Lexer State Machines

Some eye-candy: PDF files showing the Larceny lexer's NFA (generated from nfa.dot) and Minimized DFA (generated from mdfa.dot).

The GraphViz project provides the dot program that generated the visualizations. I used the command line tool installed with Mac OS X port of dot, as follows

  % dot -O -T pdf nfa.dot
  % dot -O -T pdf mdfa.dot

Of course, I did not write those dot files by hand; they were generated by combining Larceny's lexical specification and LexGen with some Scheme glue code.

  > (define larceny-nfa (time (regular->nfa scheme_terminals)))
  Words allocated: 262080
  Words reclaimed: 0
  Elapsed time...: 5 ms (User: 4 ms; System: 1 ms)
  Elapsed GC time: 1 ms (CPU: 1 in 1 collections.)
  > (define larceny-dfa (time (nfa->dfa larceny-nfa)))
  Words allocated: 47960284
  Words reclaimed: 0
  Elapsed time...: 16889 ms (User: 16502 ms; System: 267 ms)
  Elapsed GC time: 583 ms (CPU: 560 in 183 collections.)
  > (define larceny-mindfa (time (dfa->minimal larceny-dfa)))
  Words allocated: 11007294
  Words reclaimed: 0
  Elapsed time...: 62096 ms (User: 61156 ms; System: 250 ms)
  Elapsed GC time: 40 ms (CPU: 38 in 42 collections.)
  > (define larceny-nfa.dot (time (nfa->dot larceny-nfa)))
  Words allocated: 17555810
  Words reclaimed: 0
  Elapsed time...: 177 ms (User: 171 ms; System: 5 ms)
  Elapsed GC time: 12 ms (CPU: 9 in 67 collections.)
  > (define larceny-mindfa.dot (time (nfa->dot larceny-mindfa)))
  Words allocated: 1833782
  Words reclaimed: 0
  Elapsed time...: 37 ms (User: 31 ms; System: 1 ms)
  Elapsed GC time: 2 ms (CPU: 2 in 7 collections.)
  > (call-with-output-file "nfa.dot" (lambda (p) (write-dot "nfa" larceny-nfa.dot p)))
  > (call-with-output-file "mdfa.dot" (lambda (p) (write-dot "mindfa" larceny-mindfa.dot p)))

I have not managed to run the .dot file for the DFA itself through dot; dot complains about syntax errors on many of the lines.

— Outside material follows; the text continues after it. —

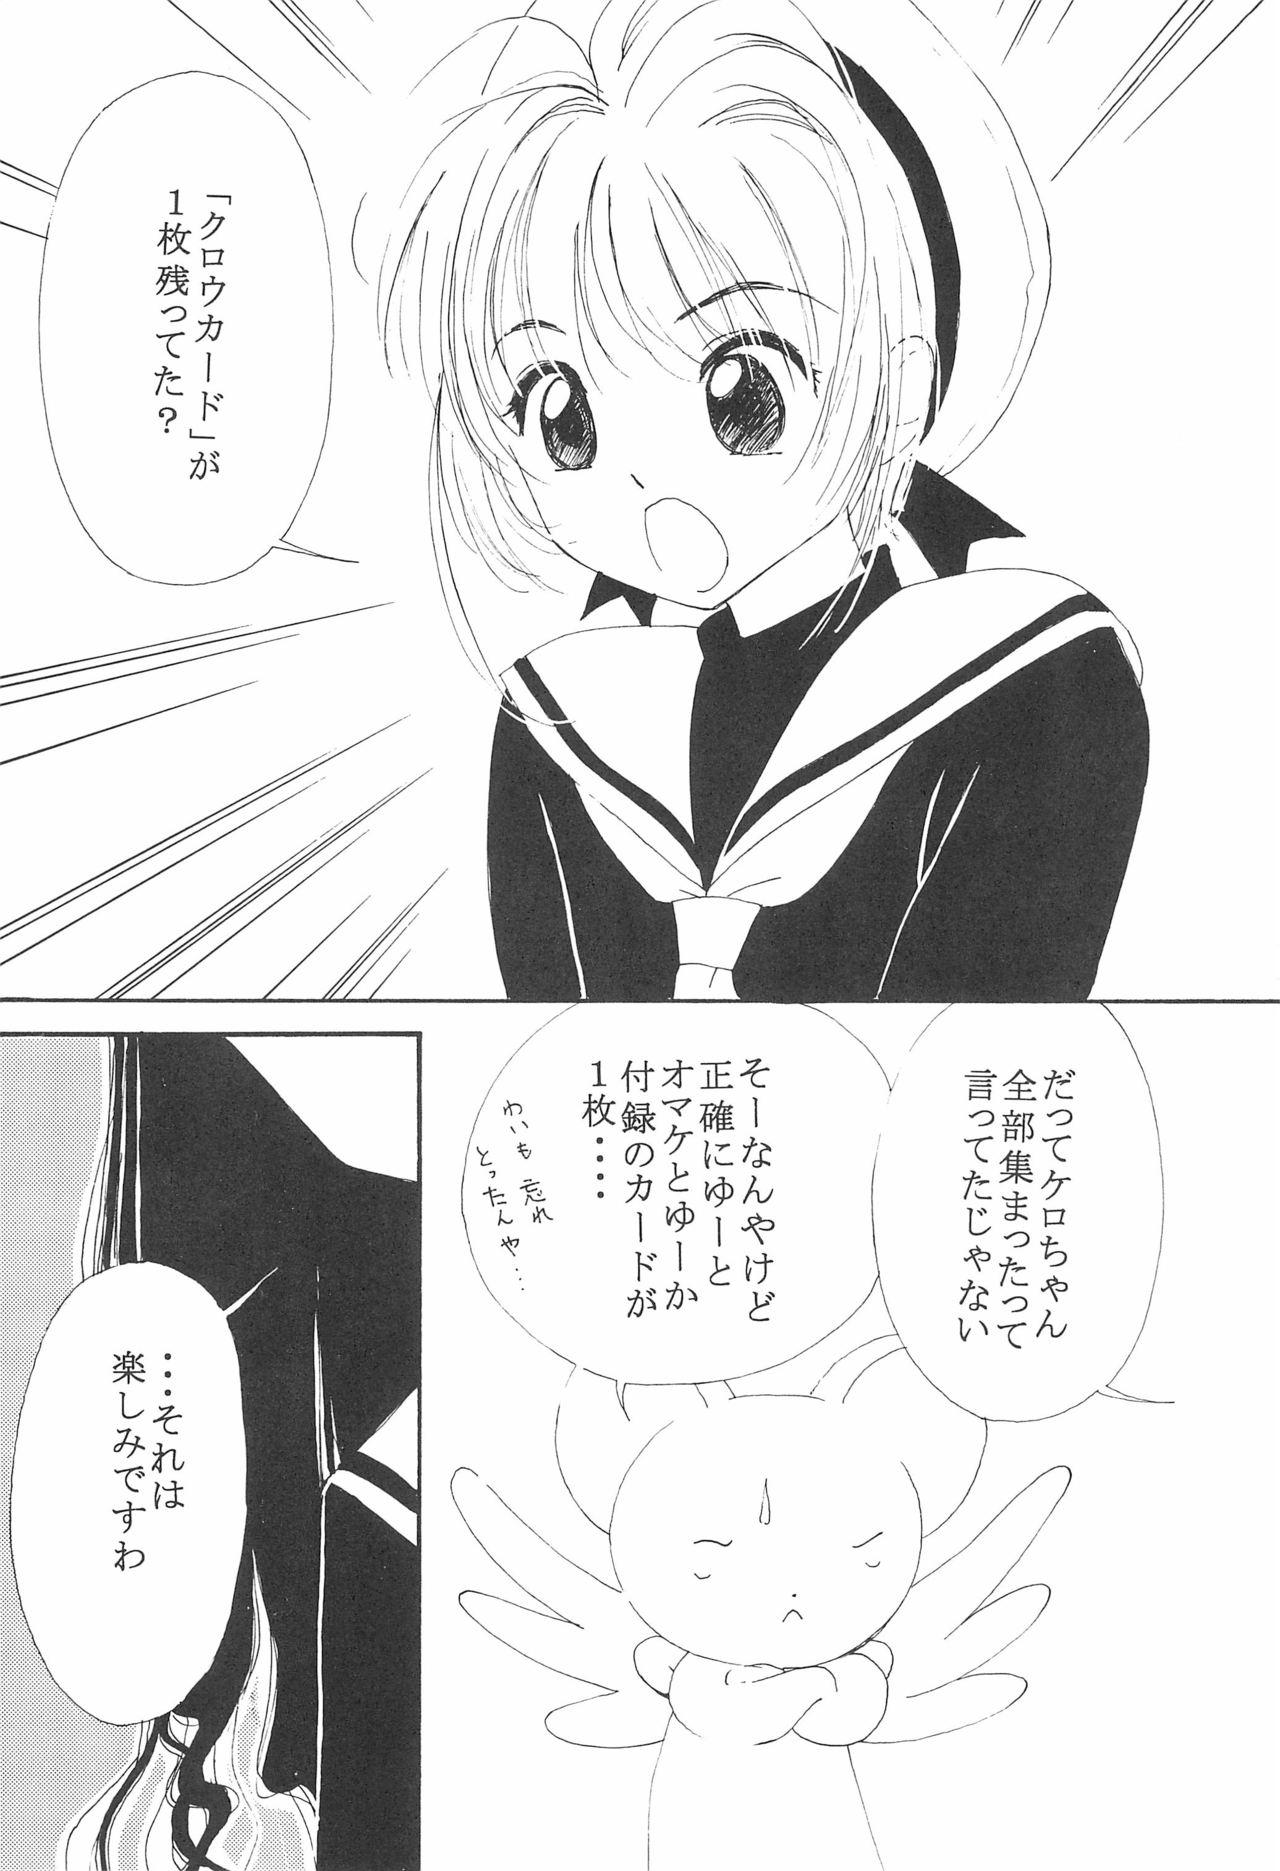 Milk MoMo no Yu 8 - Cardcaptor sakura Pendeja - Page 5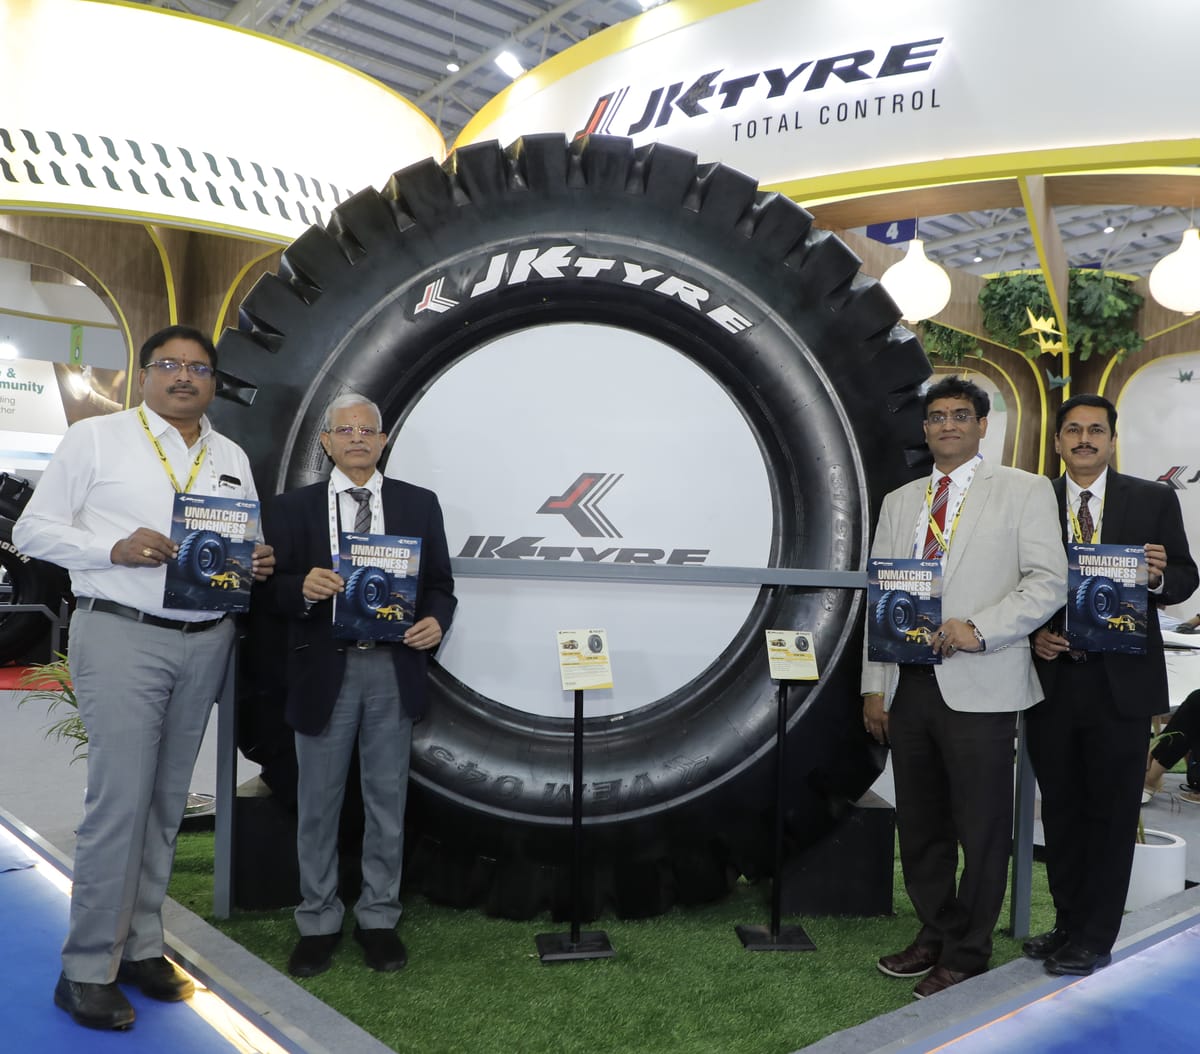 JK Tyre unveils innovative Tyre solutions in OTR segment

It is probably silly to even try to make a rendering of the DFA anyway; its .dot file is 66 megabytes (the other two .dot files are less than 500 kilobytes).

But I may later try using a simpler lexical specification to generate the triumvirate of (NFA, DFA, min DFA), to convince myself that my code is generating accurate dot graphs of the state machines.